▸ **SUPPLIED MATERIAL**:
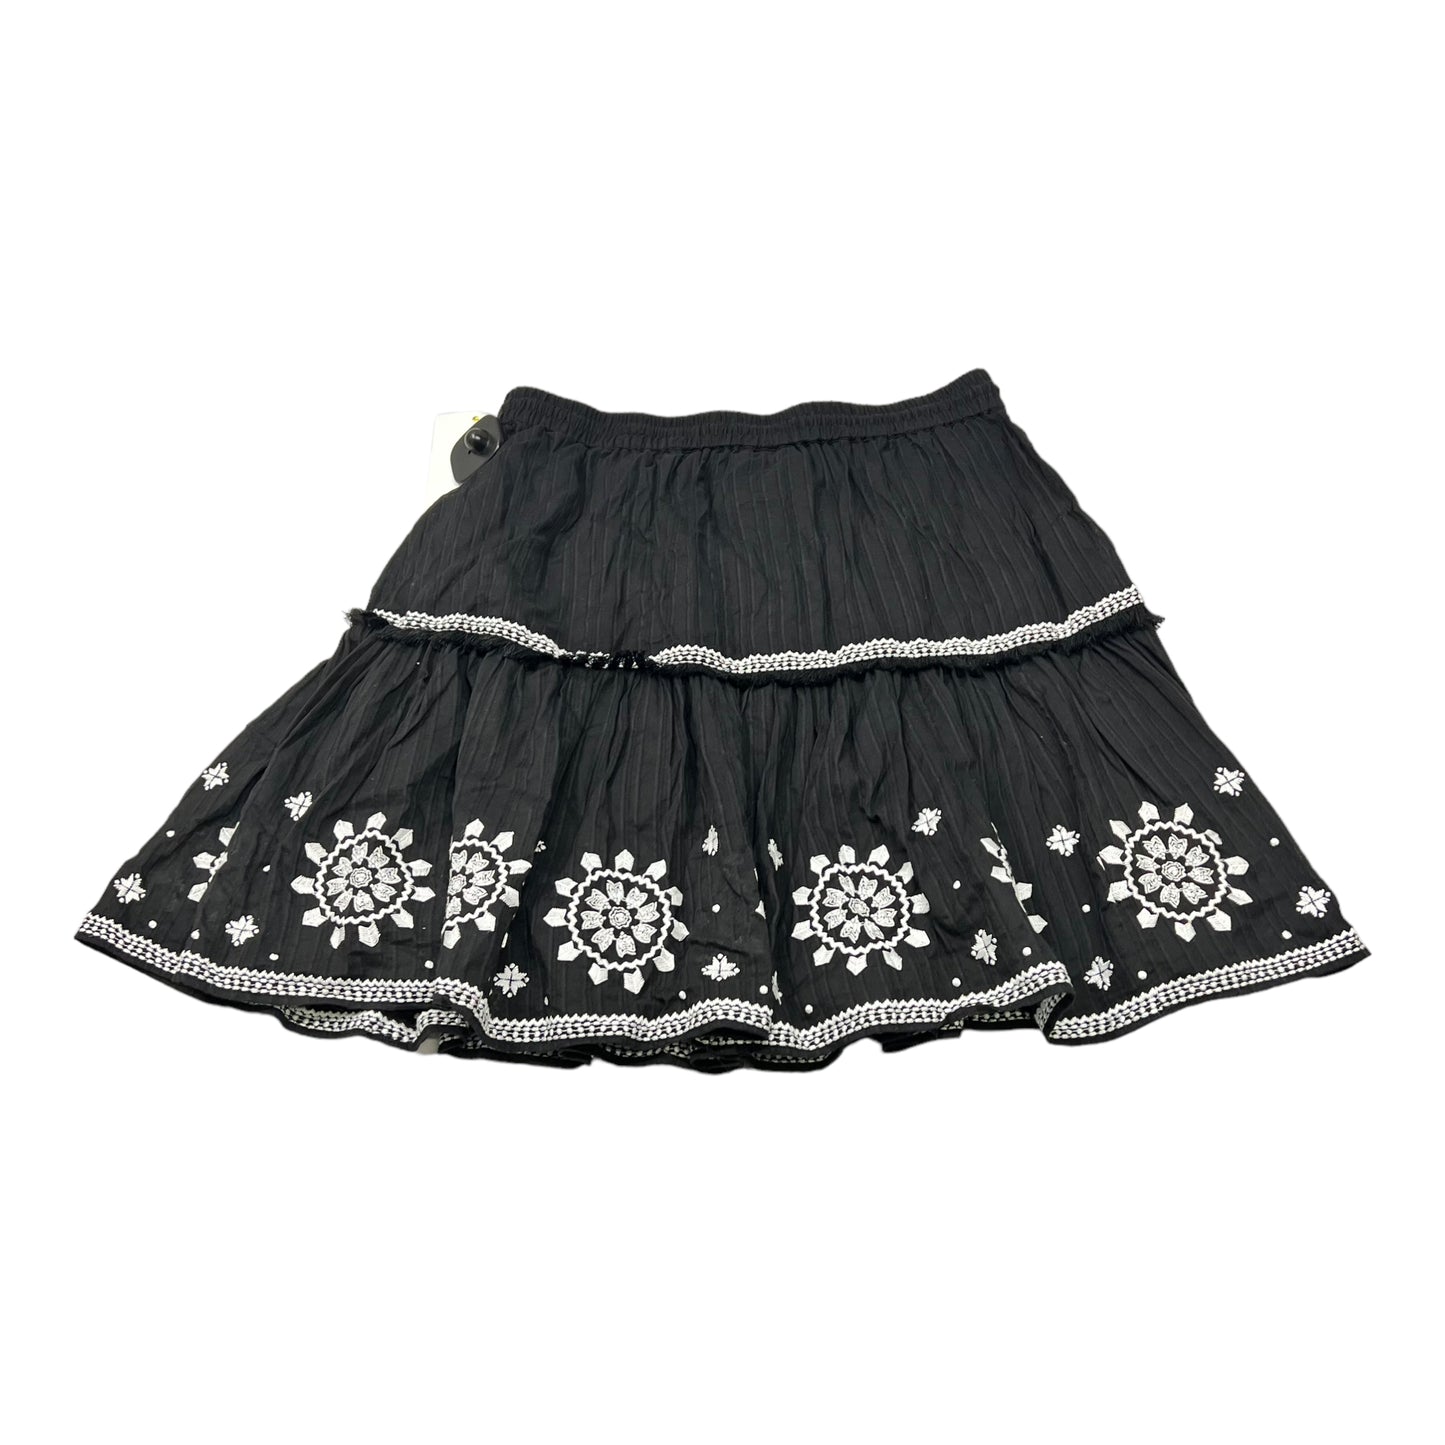 Skirt Designer By Kate Spade  Size: S
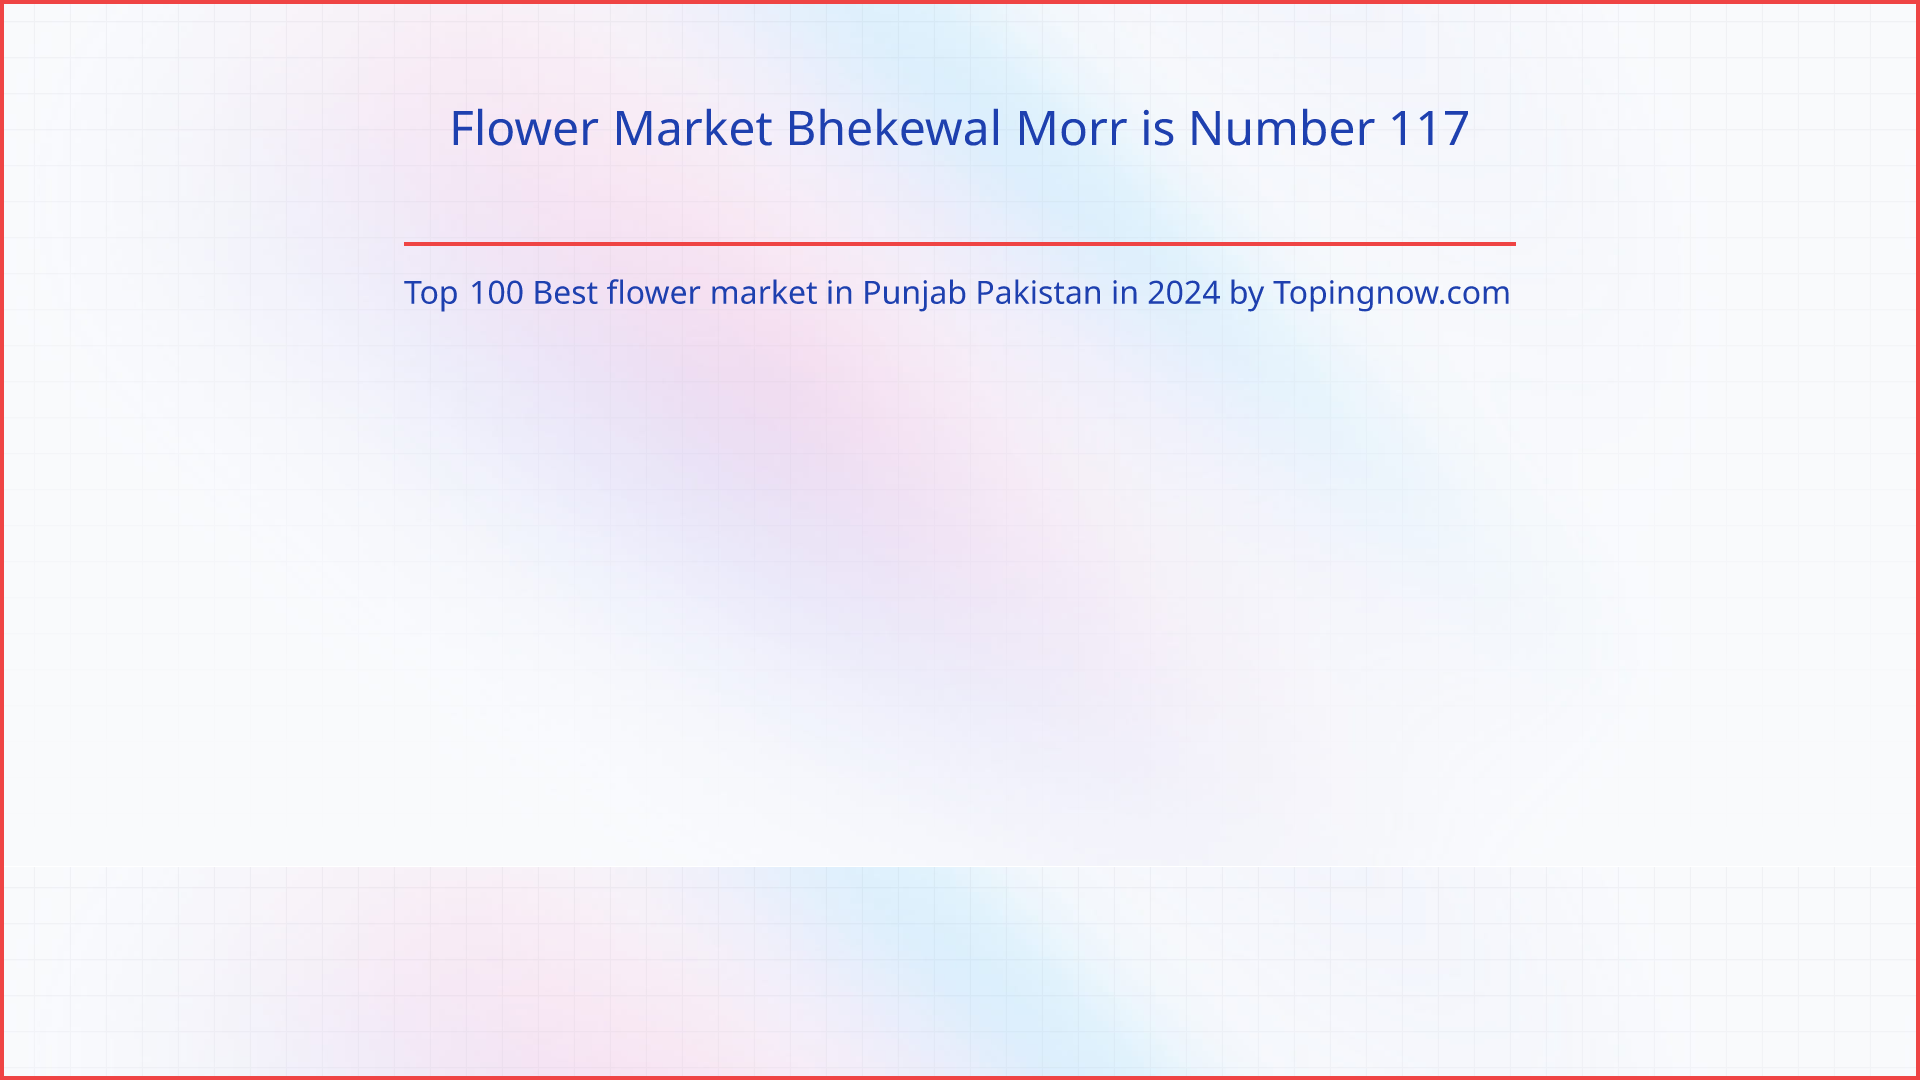 Flower Market Bhekewal Morr: Top 100 Best flower market in Punjab Pakistan in 2024
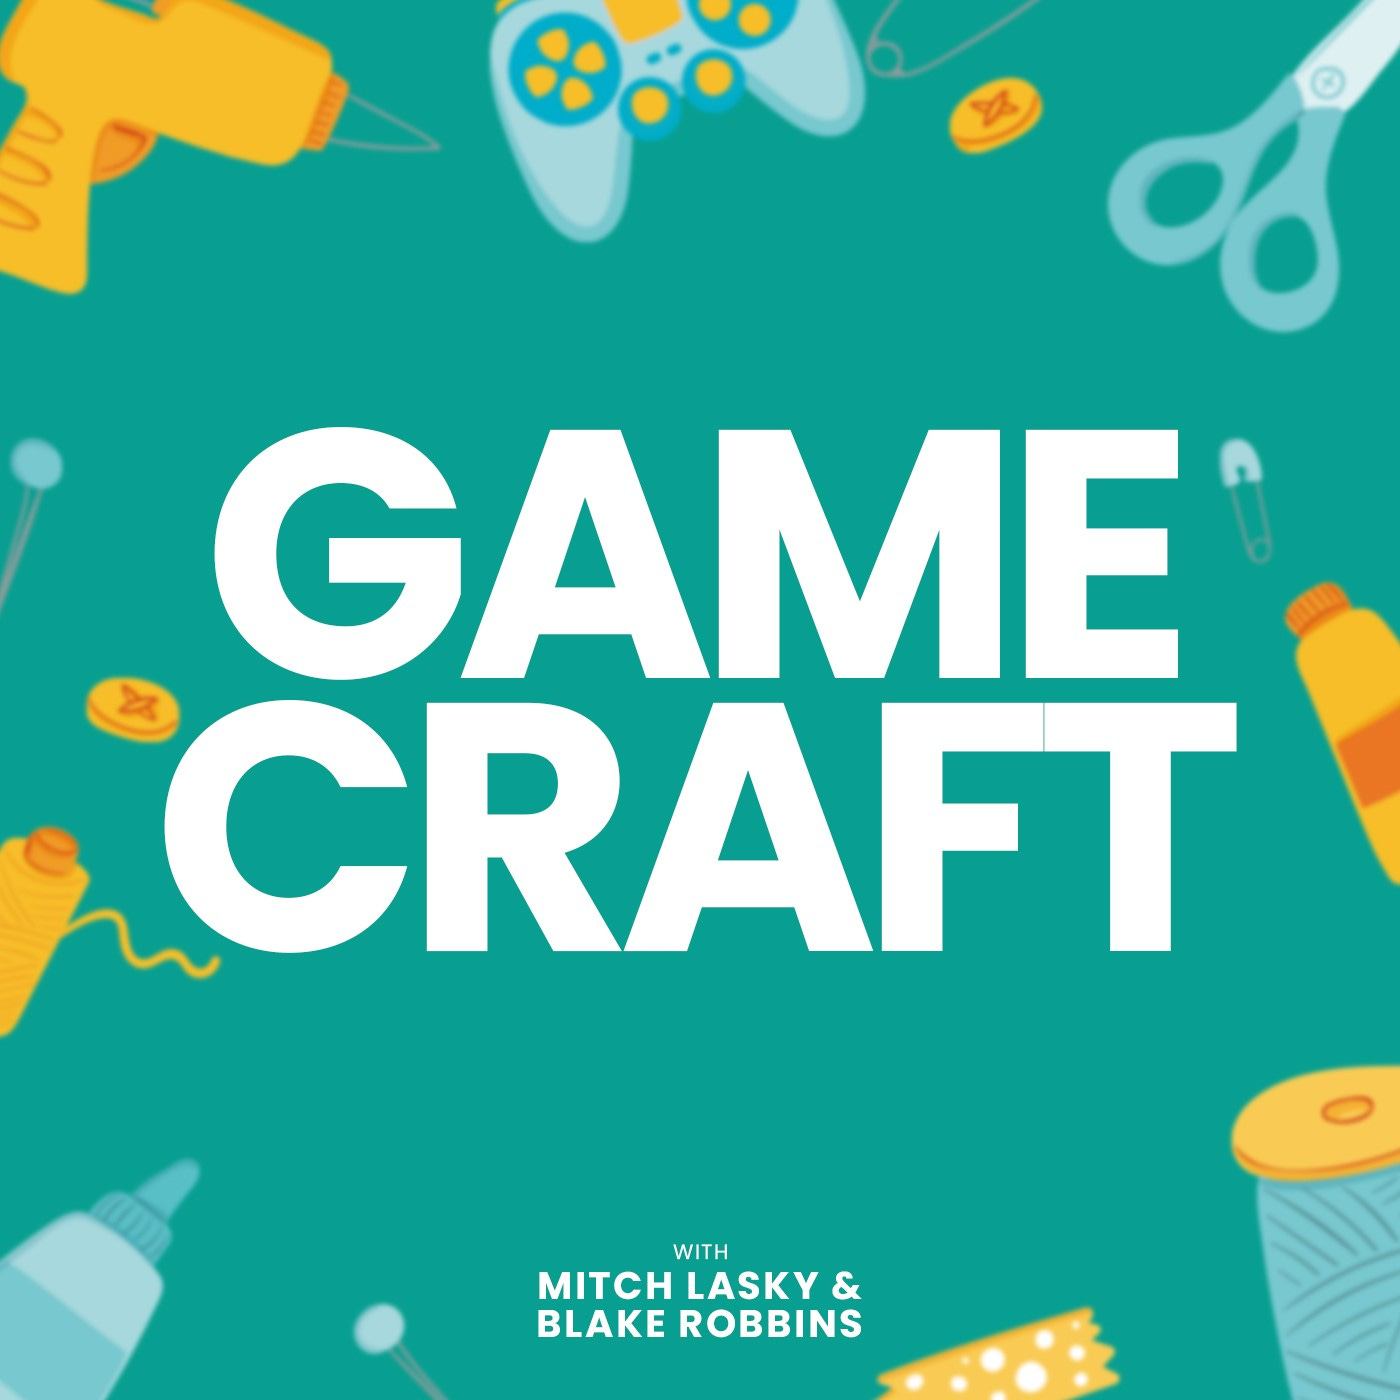 Gamecraft Podcast | Mitch Lasky & Blake Robbins

▸ **EXERCISE GOAL**: Every line above should be retyped exactly; the pictures do not belong in the copy.

▸ **RESULT BELOW**:
 Skirt Designer By Kate Spade  Size: S
 Flower Market Bhekewal Morr: Top 100 Best flower market in Punjab Pakistan in 2024
 Gamecraft Podcast | Mitch Lasky & Blake Robbins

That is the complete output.